# Mountain Man Brewing Company: Bringing the Brand back to Light

Written by Ayoola Sosan · 1 min read

## Background

It was February 20, 2006, in the New River coal region of West Virginia. Chris Prangel, a recent MBA graduate, had returned home a year earlier to manage the marketing operations of the Mountain Man Beer Company (MMBC), a family-owned business he stood to inherit in five years, when his father, Oscar Prangel, the president and owner, retired. Mountain Man brewed one beer, Mountain Man Lager, also known as “West Virginia’s beer.” Due to changes in beer drinkers’ preferences, the company was now experiencing declining sales for the first time in the company’s history. In response, Chris wanted to launch Mountain Man Light, a “light beer” formulation of Mountain Man Lager, in the hope of attracting younger drinkers to the brand

## Decision Problem

For the first time in the company’s history, it experienced a 2% decline in revenue as a result of an aging demographic and change in preference of customers.
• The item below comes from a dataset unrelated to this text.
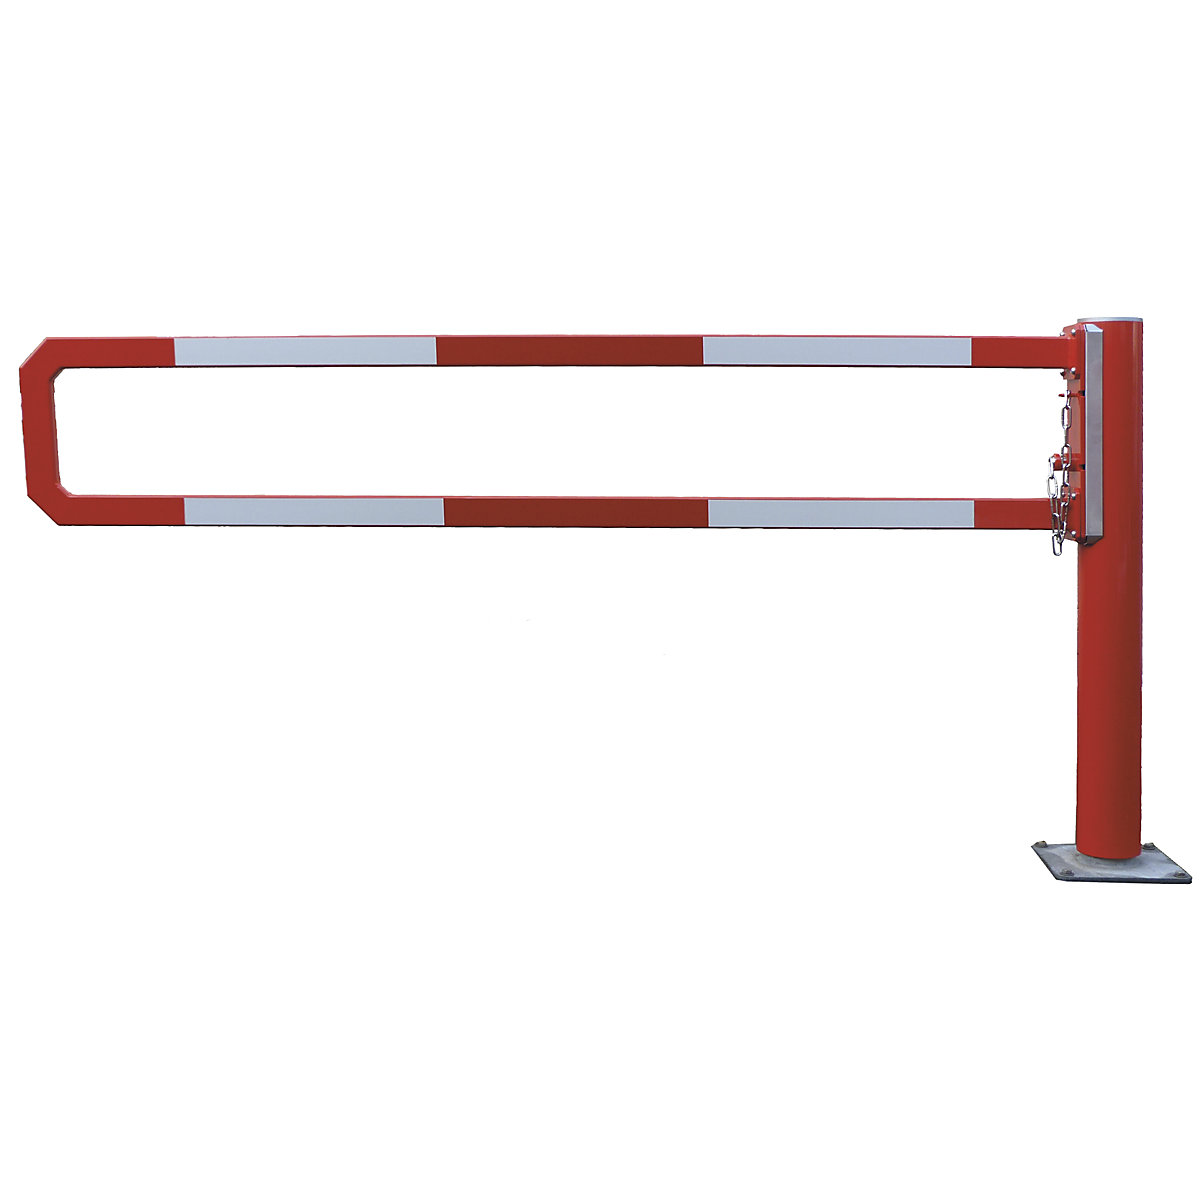 Mannus – Sbarramento girevole, lunghezza sbarra 1,5 m, zincatura a fuoco, verniciatura a polvere aggiuntiva in rosso

Chris Prangel, the marketing manager wants to decide whether to launch Mountain man Light (MMI) or not.

## Objective

Sustainability of MMBC.

## Alternatives

• To introduce Mountain Man Light.
• To not introduce Mountain Man Light.

## Criteria

1. Impact on Mountain man brewing company brand.
2. Impact on Mountain man brewing company revenue.
3. Cannibalization effect.
4. Breakeven/Payback.
5. Gross profit.

# Analysis

## Cost Analysis

• 2005 Sales revenue for MMBC = \$50,440,000
• 2005 Sales volume for MMBC = 520,000
• Market price per barrel of MMI   = \$50,440,000/520,000  = \$97 per barrel
• Cost price of Mountain man Lager (MML) = \$66.93
• Cost price of Mountain Man Light (MMI) = \$71.63 (\$66.93 + \$4.89)
• Contribution for Mountain man Lager = \$97 – \$66.93 = \$30.07
• Contribution for Mountain Man Light = \$97 – \$71.62 = \$25.38

## Breakeven Calculation for Mountain Man Light

• Total advertising investment (2006)= \$1,650,000
• Total breakeven volume =1,650,000/25.38 = 65,011.8 barrels (# of barrels to recover advertising cost and SG&A)
• Total breakeven revenue = 65,011.8 x \$97 = \$9,776,679.8

## Based on analysis

• MMI contributes (\$25.38) lower than MML (\$30.00).
• However, in 2 years (2007), MMI will begin to breakeven and contribute to MMBC.

## Decision

For MMBC sustainability, mountains man light should be launched. Based on projections, MMI covers investment cost and becomes profitable from 2007.

## Recommendation

MMBC Should:

• Maintain the quality of mountain man Larger to mitigate cannibalization effect.
• Work towards increasing the market share of MMI
• Engage in product awareness for MMI especially amongst youth.
• Make MMI easily available in both on-premise (to access youth) and off-premise locations.